Разумеется, Ренессанс, как сложное и многостороннее явление, был, как о том уже шла речь в первой главе, подготовлен всем ходом протекавших в Западной Европе социально-экономических процессов. Значение его в этом смысле выходит за пределы только религиозного противостояния католицизму. Однако нанесенный им удар по католической церкви оказался тем камнем, который рождает горную лавину. Если гиганты Возрождения реформировали лишь верхний слой культуры, возродив принципы гуманизма и свободомыслия, то сильнейший удар по основам католицизма был нанесен следовавшей по пятам за Возрождением и бывшей реакцией церкви на него Реформацией.

Преследуя цель сохранить церковь от ударов, нанесенных ей Возрождением, и выступив против ассимиляции католичеством элементов ренессансной культуры, Реформация свелась к решительной реформе основ католического христианства. Ее лидеры – Лютер, Кальвин, Мюнцер и другие, резко выступили против догмата о непогрешимости Папы, практики продажи индульгенций, мишуры и пышности католического богослужения, наконец, против преувеличения роли церкви как посредника между человеком и Богом. Начавшись в XVI в., реформационное движение быстро охватило широкие слои населения наиболее развитых стран северной и частично средней Европы – Англии, Голландии, Швейцарии, Германии. Идея упрощения церковной структуры и характера богослужения, призыв к строгости и скромности церкви, к отказу ее от честолюбивых и властолюбивых политических претензий, к противопоставлению внутреннего нравственного самоконтроля исступленной вере фанатиков – все это импонировало нарождавшейся европейской буржуазии и отвечало ее интересам. Протестантизм, как это в свое время показал Вебер, стал духовной основой и этической нормой складывавшихся буржуазных государств Западной Европы.

Конечно, Реформация отнюдь не означала гибели католицизма. Прибегнув к помощи Контрреформации, католическая церковь сумела выстоять и вплоть до сегодняшнего дня вся ее церковная иерархия во главе с Римским Папой являет собой серьезную силу, влияние которой ощущается во многих районах мира. Однако эпоха Реформации нанесла католицизму и вообще всесилию христианской церкви такой удар, от которого оправиться было уже невозможно. Времена «святой» инквизиции и тотального контроля над мыслью, над духовной жизнью людей со стороны церкви стали уходить в безвозвратное прошлое. Католицизм – следом за протестантской церковью – вынужден был согласиться на то, что Богу положено «богово», т. е. весьма определенное место в жизни и деятельности людей, остальное их время и внимание должны уделяться другим делам, не имевшим прямого отношения к религии и не зависевшим от ее вмешательства и оценки. Это, естественно, не означало, что роль церкви была сведена почти к нулю. Еще и в XVIII в. Вольтер, активно боровшийся с влиянием церкви, не мог выступить против нее с открытым забралом. И все же то отделение церкви от государства и от различных сфер деловой активности людей, которое было итогом Реформации, сыграно огромную роль в дальнейших судьбах Западной Европы, в успешном развитии ее по капиталистическому пути.

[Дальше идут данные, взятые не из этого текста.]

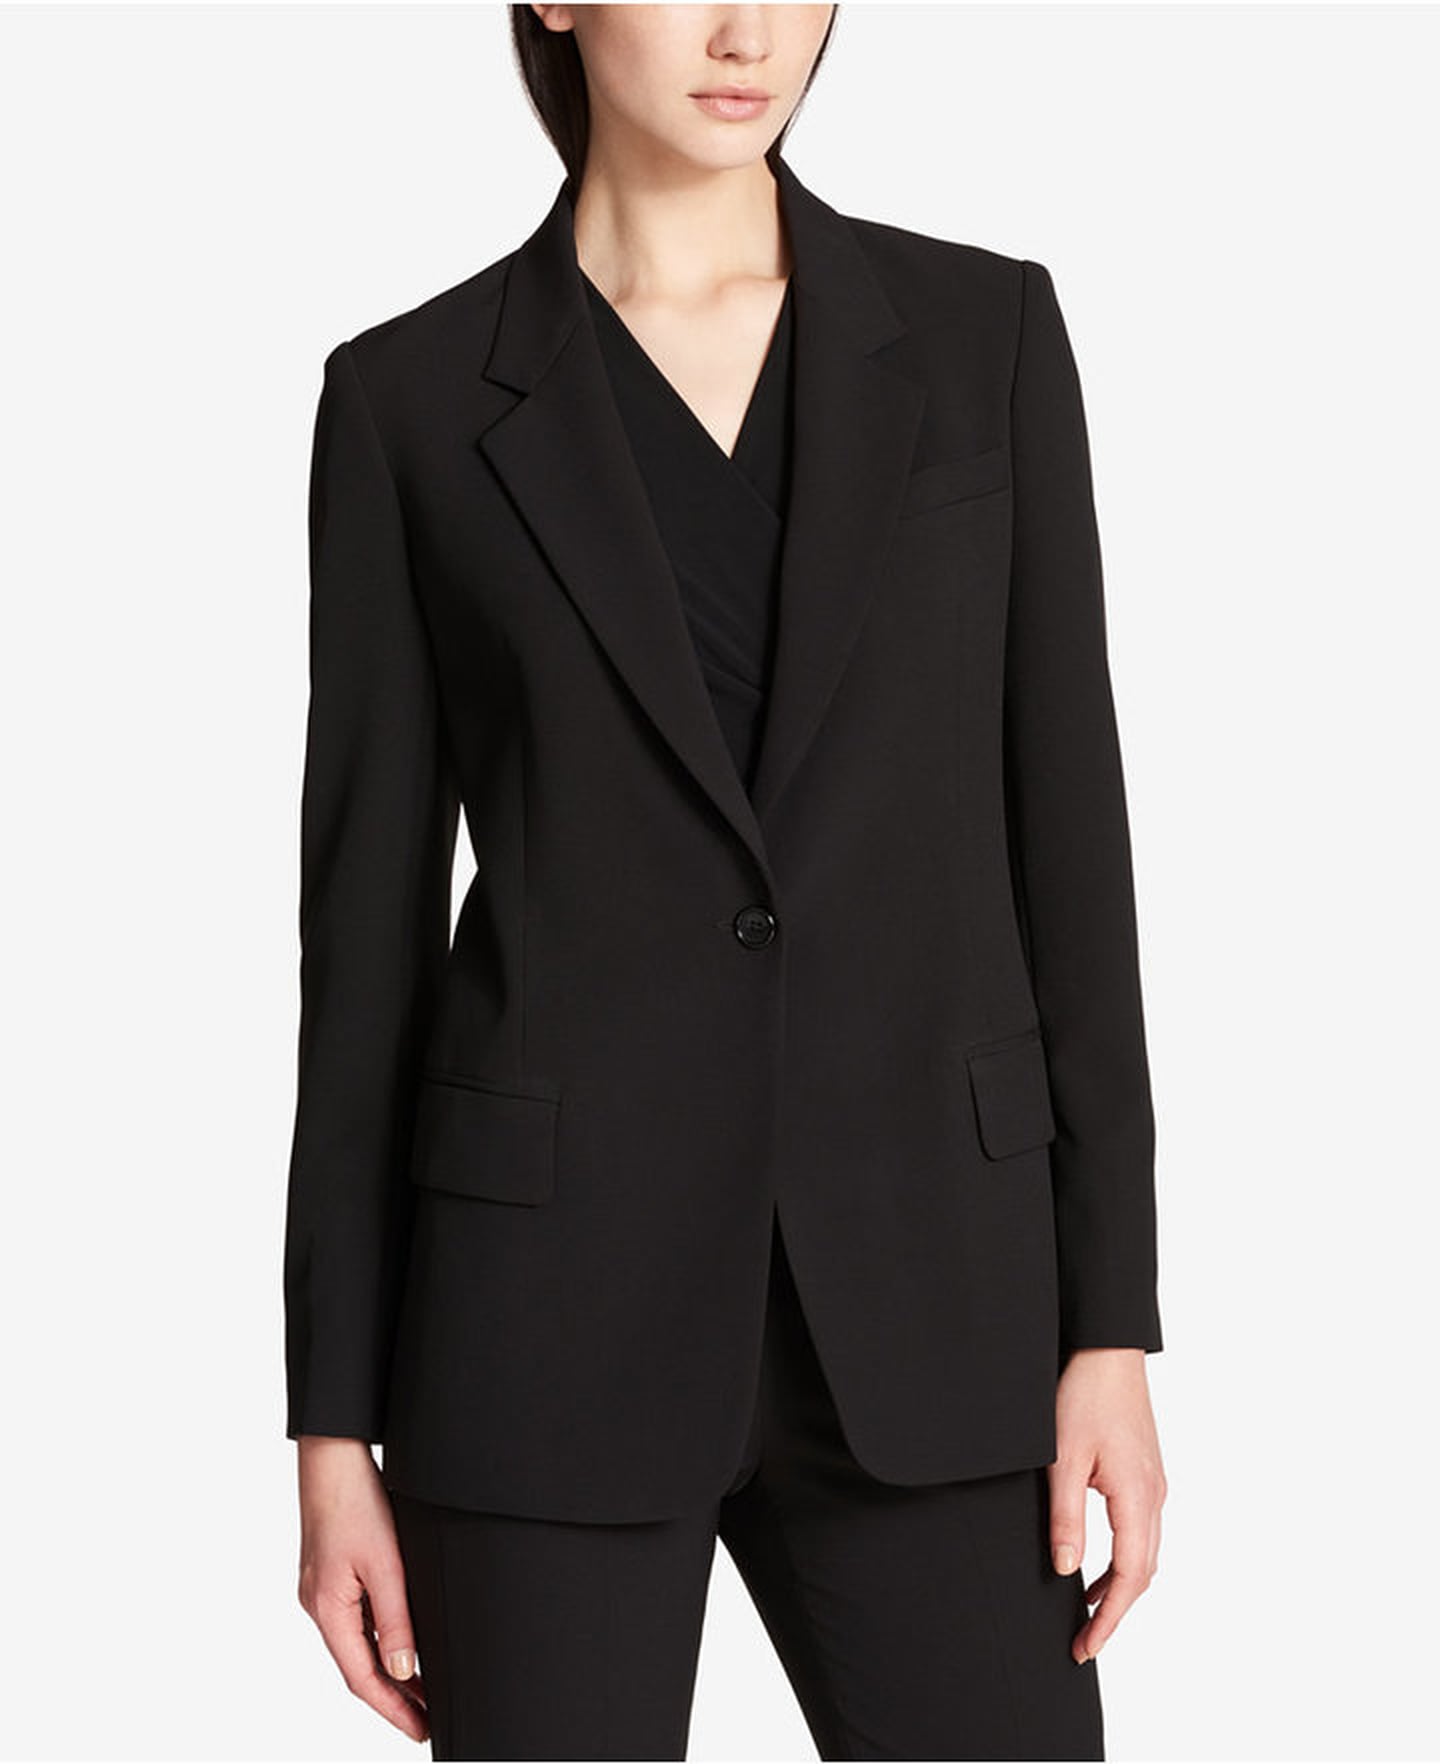 Jennifer Aniston's Black Tuxedo Blazer | POPSUGAR Fashion
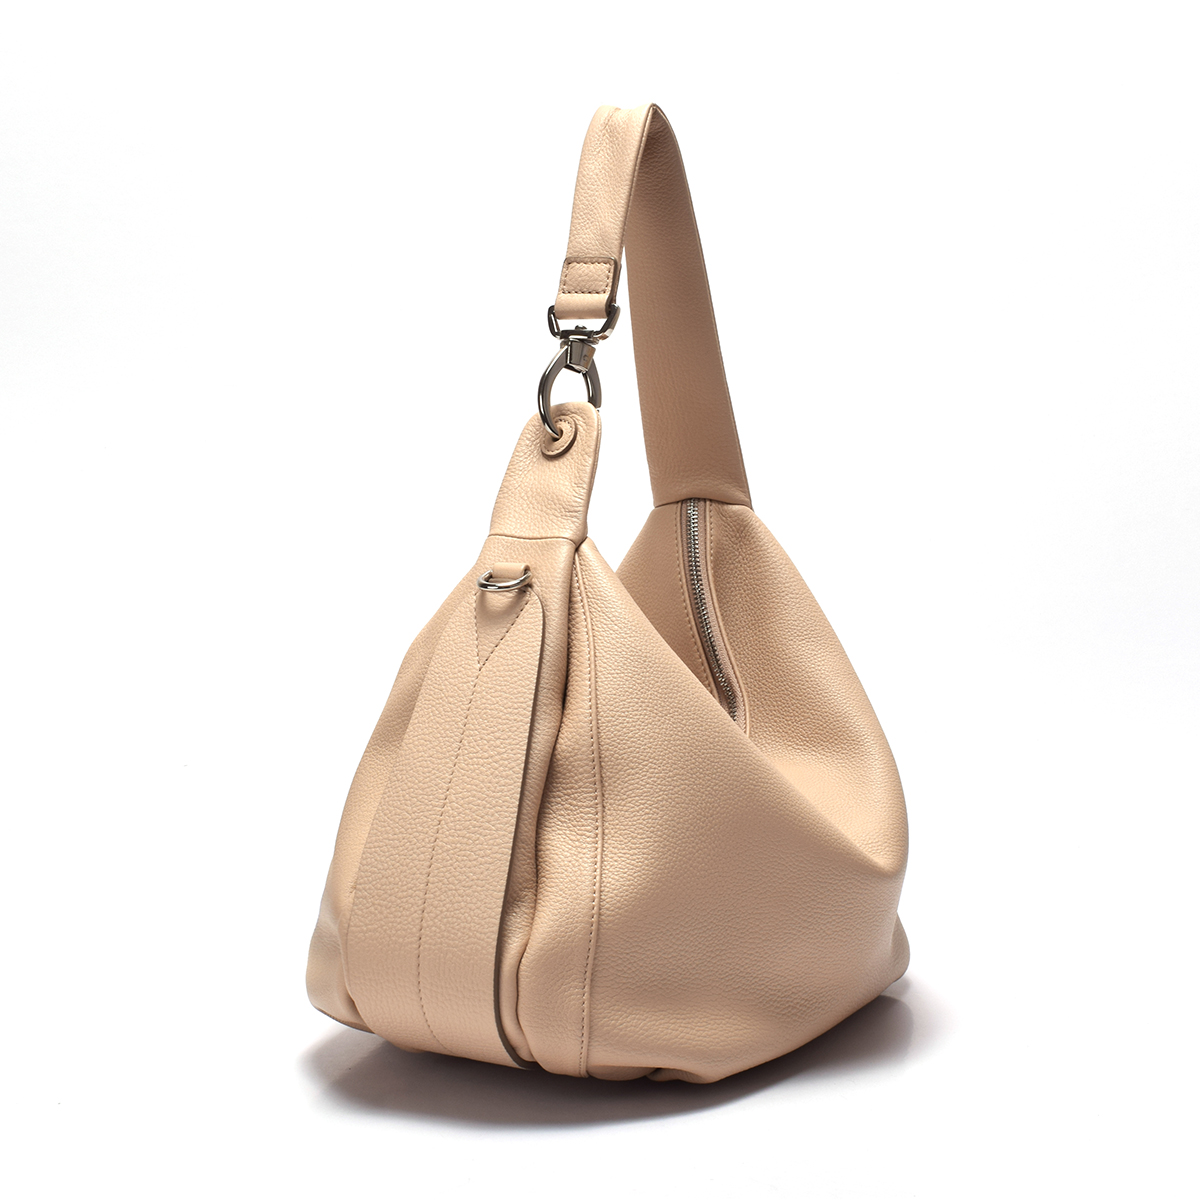 Sanlly custom handbags for business for fashion-2

Греческая православная церковь

В Восточной империи (Византии), пережившей Западную почти на тысячелетие, положение церкви было иным. Здесь она не получила особой самостоятельности и политического влияния. Разделенная к тому же на ряд патриархатов (Константинопольский, Антиохийский, Александрийский, Иерусалимский), она оказалась в почти полной зависимости от государства и практически идентифицировала себя и свои интересы с его интересами. Стоит отметить также, что сфера влияния и массовая база всех этих патриархатов была невелика, а после исламизации ближневосточного мира и вовсе стала мизерной. Но с усилением древней Руси заимствованное ею из Византии православие постепенно укреплялось, пока назначавшиеся из Константинополя митрополиты не превратились наконец в XVI в. в самостоятельных патриархов. Русская православная церковь не только поддерживала царскую власть, но и подчинялась ей, охотно сотрудничала с нею (лишь изредка бывали исключения: например, патриарх Никон в XVII в. пытался поставить церковь выше светской власти).

В православной церкви в целом вследствие ее относительной слабости и политической малозначимости никогда не было массовых гонений типа «святой» инквизиции, хотя это не означает, что она не преследовала еретиков и раскольников во имя укрепления своего влияния на массы. В то же время, вобрав в себя многие древние языческие обычаи тех племен и народов, которые приняли православие (их было немало хотя бы на одной только Руси), церковь сумела переработать и использовать их во имя укрепления своего авторитета. Древние божества превратились в святых православной церкви, праздники в их честь стали церковными праздниками, верования и обычаи получили официальное освящение и признание. Лишь немногие чересчур откровенные языческие обряды, как, например, поклонение идолам, восходившее к фетишизму глубокой старины, преследовались и постепенно отмирали, но и тут церковь умело трансформировала их, направив активность верующих на поклонение иконам.

Догматических и литургических отличий православия от католицизма немного. Православие иначе трактует Троицу (считает, что святой дух исходит только от Бога-отца), не признает чистилища между раем и адом, не практикует выдачу индульгенций, причащает хлебом (причем не пресным, а дрожжевым) и вином. Но за эти различия оно всегда держалось очень крепко, особенно после окончательного разрыва с католицизмом в 1054 г.

Православная церковь в России

Особо следует сказать несколько слов о православии в России. Дело в том, что по византийскому стандарту зависимая от власти и потому не только политически, но и духовно слабая, к тому же огражденная от людей труднопонимаемой ими церковнославянской лексикой, официальная церковь в России (в отличие от гонимых еретических движений, начиная от протопопа Аввакума и кончая более поздними, в том числе современными староверами и другими сектантами с их сильными нравственными убеждениями и соответствующим – обычно столь поражающим привыкших к иному – стилем жизни) не сумела создать в обществе, где она призвана была быть пастырем, жесткой системы нормативной этики. Русская православная церковь оказалась не с состоянии внушить своей пастве должного уважения к святым библейским заповедям и, главное, превратить эти заповеди в непреложную норму, автоматически и жестко соблюдаемую основной массой населения (как того добилась, скажем, католическая церковь в Латинской Америке). Результатом оказалось не столько неуважение к самой церкви (она, пользуясь официальным покровительством властей, могла на него рассчитывать), сколько неуважение к моральной норме – в первую очередь в отношениях между людьми. Конечно, можно было бы в оправдание заметить, что трудно ожидать от крепостного раба хорошего знания и тем более повседневного соблюдения норм высокой морали. Но стоит снова и снова напомнить, что индейцы и негры Латинской Америки и южных штатов США, чье социальное положение вплоть до середины прошлого века было аналогичным положению русских крепостных, относились к соблюдению христианских заповедей и санкционированных церковью моральных норм иначе.